▸ **Required action**: Look below for the line that contains "Bunny fabric notice", then quote it and all the lines after it, exactly, with the pictures left out.
[Data extract Boundary: Start]
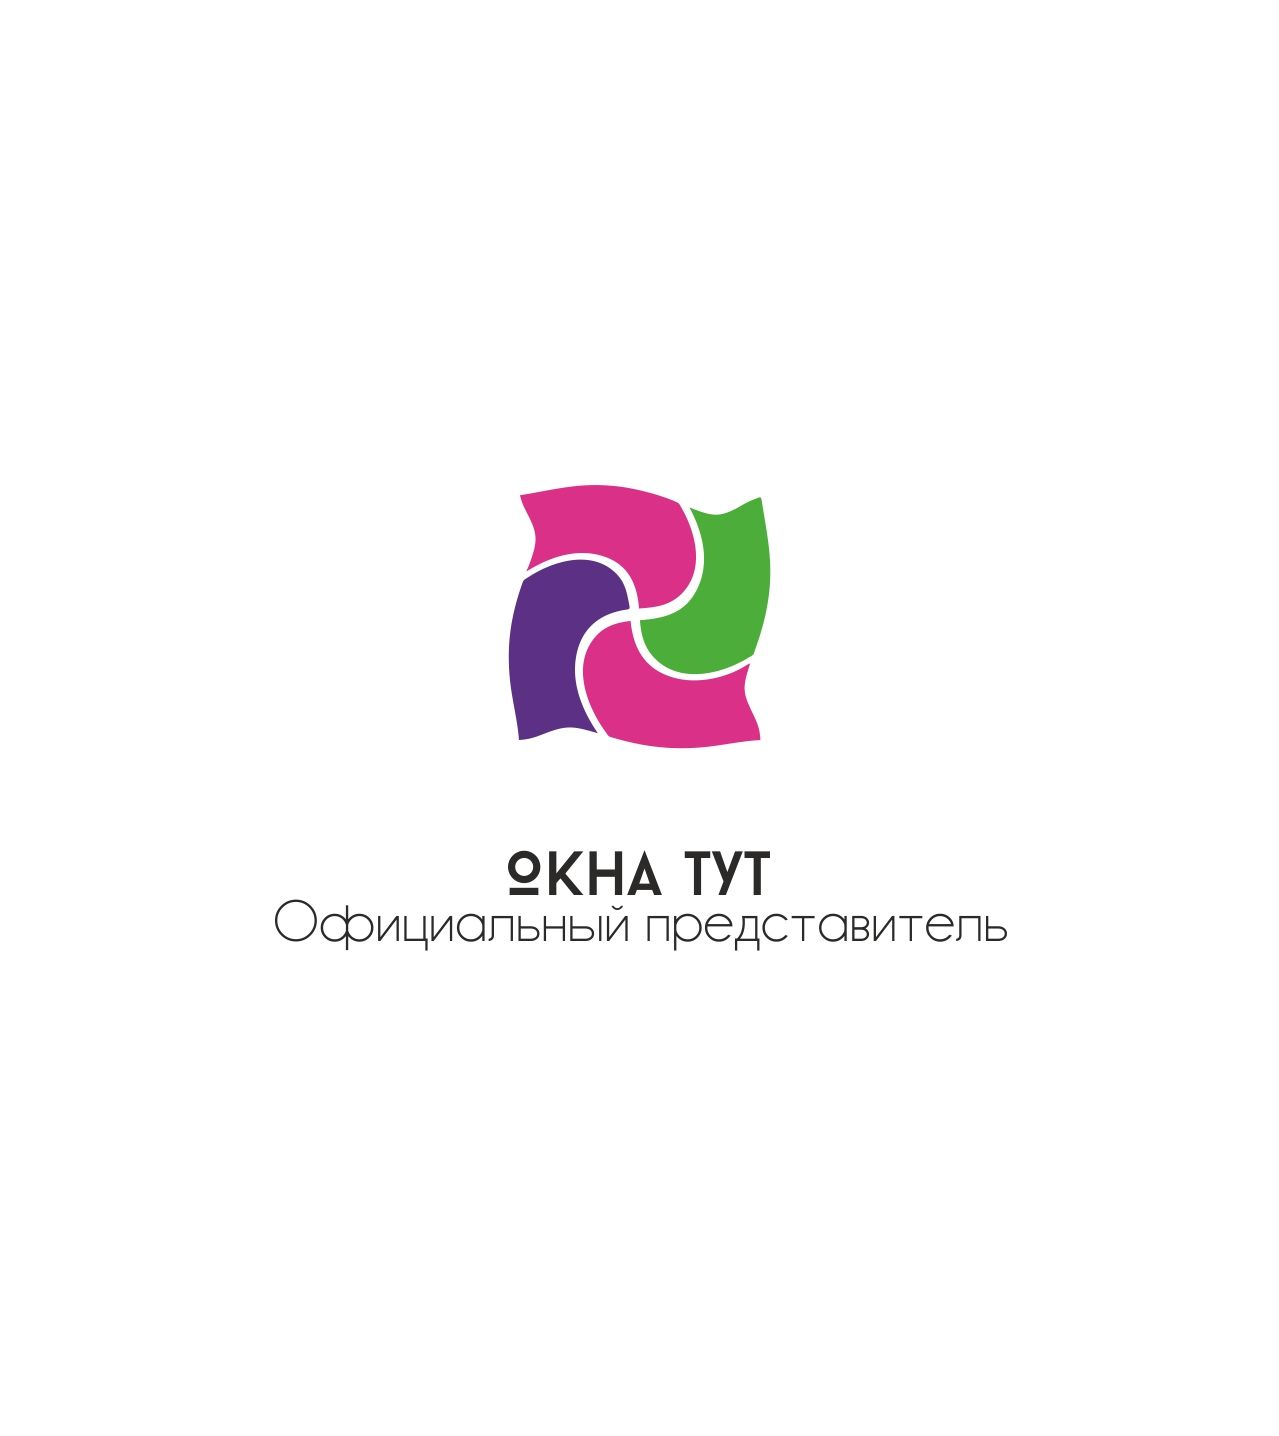 Логотип для сайта Окна тут - дизайнер Cherrytwist
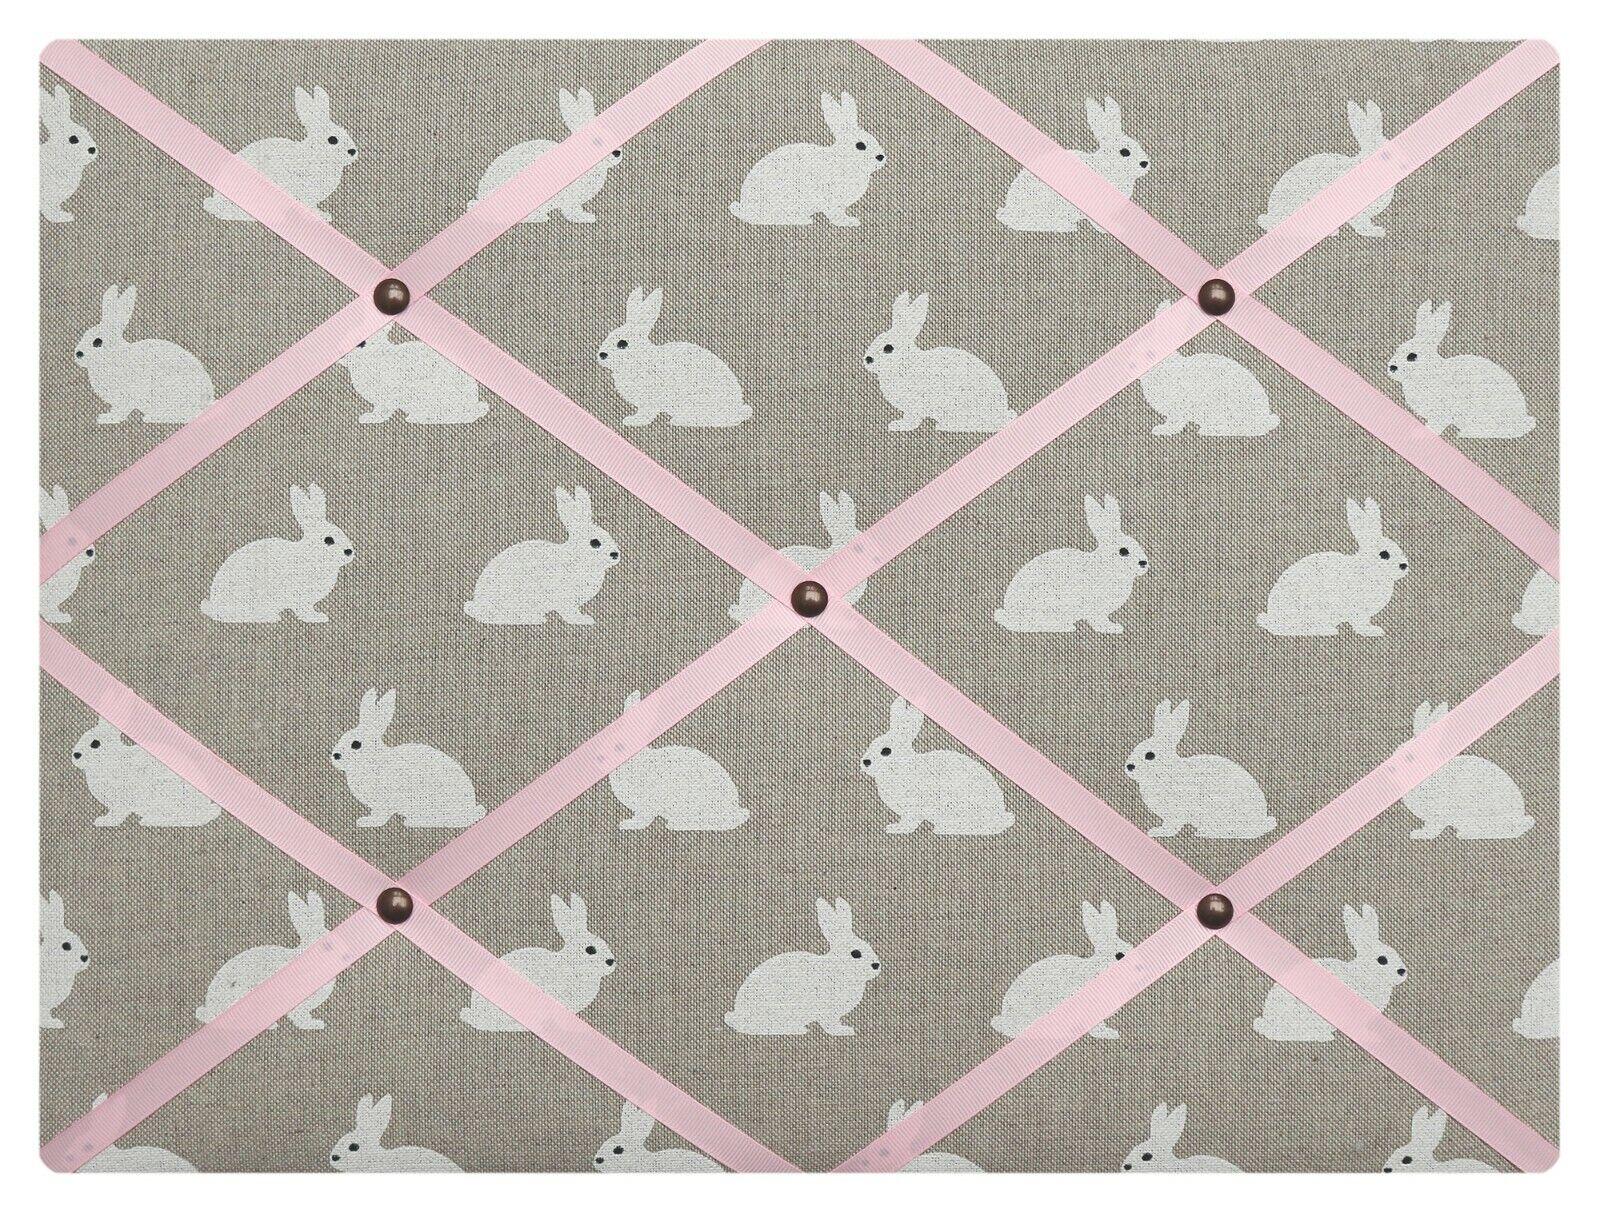 Bunny fabric notice board, pin board, many colourot ribbons, 60X50cm
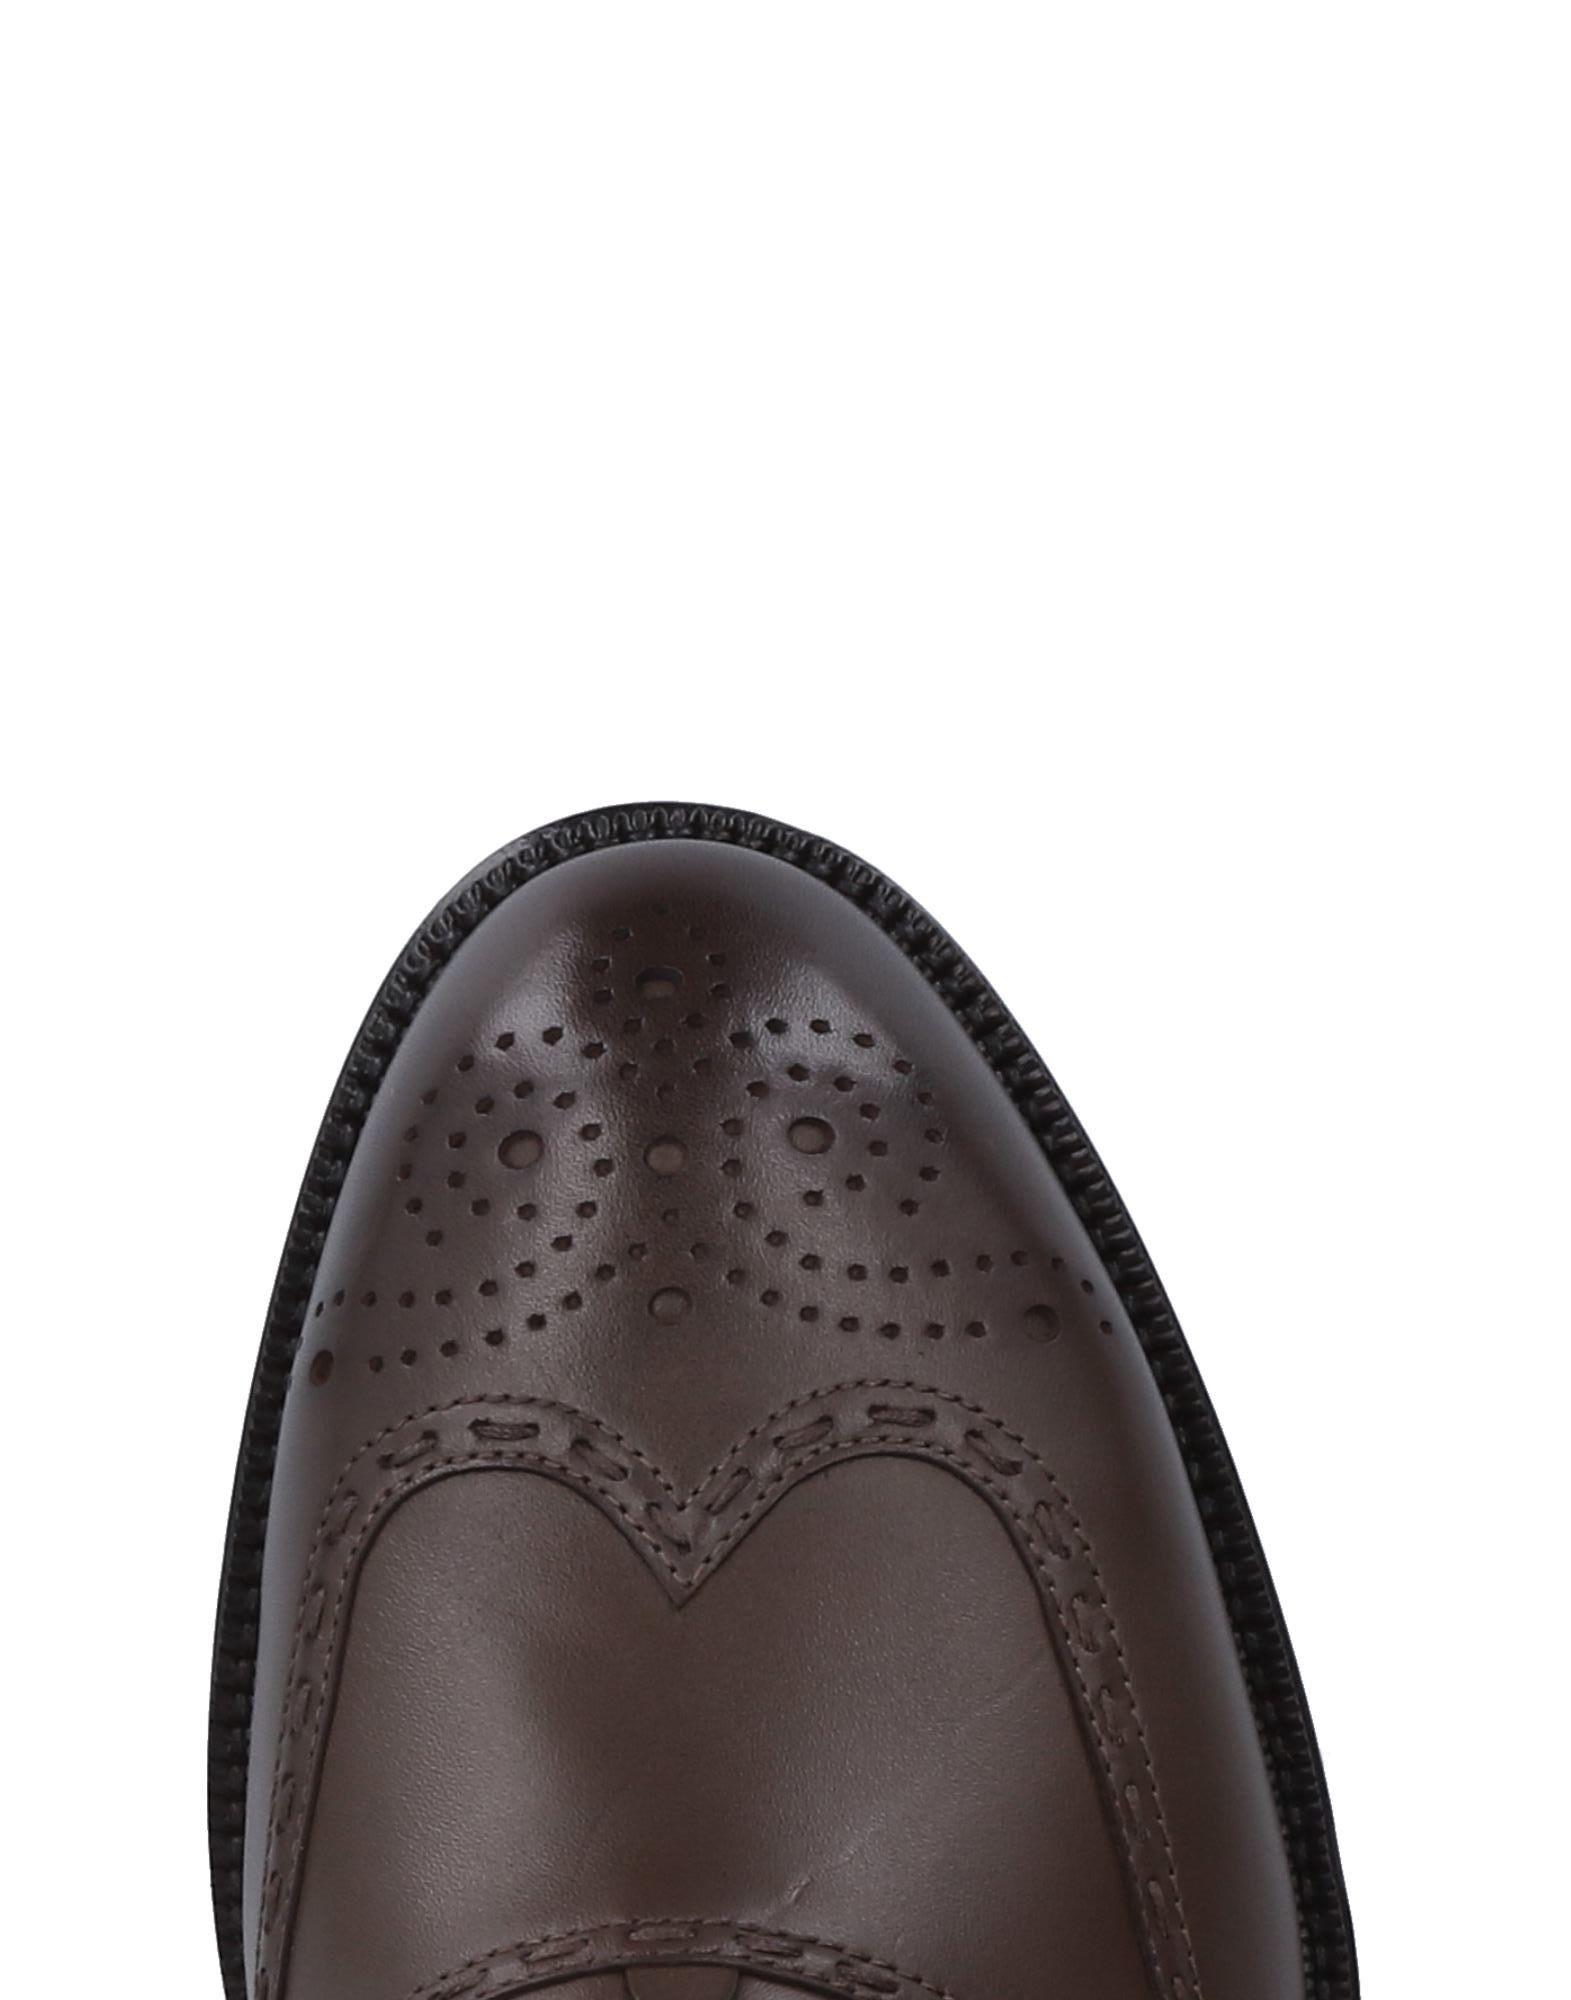 Bottega 11106285OD Veneta Schnürschuhe Herren  11106285OD Bottega Gute Qualität beliebte Schuhe 2a79a0
[Data extract Boundary: End]
▸ **Task result**:
 Bunny fabric notice board, pin board, many colourot ribbons, 60X50cm
 Bottega 11106285OD Veneta Schnürschuhe Herren  11106285OD Bottega Gute Qualität beliebte Schuhe 2a79a0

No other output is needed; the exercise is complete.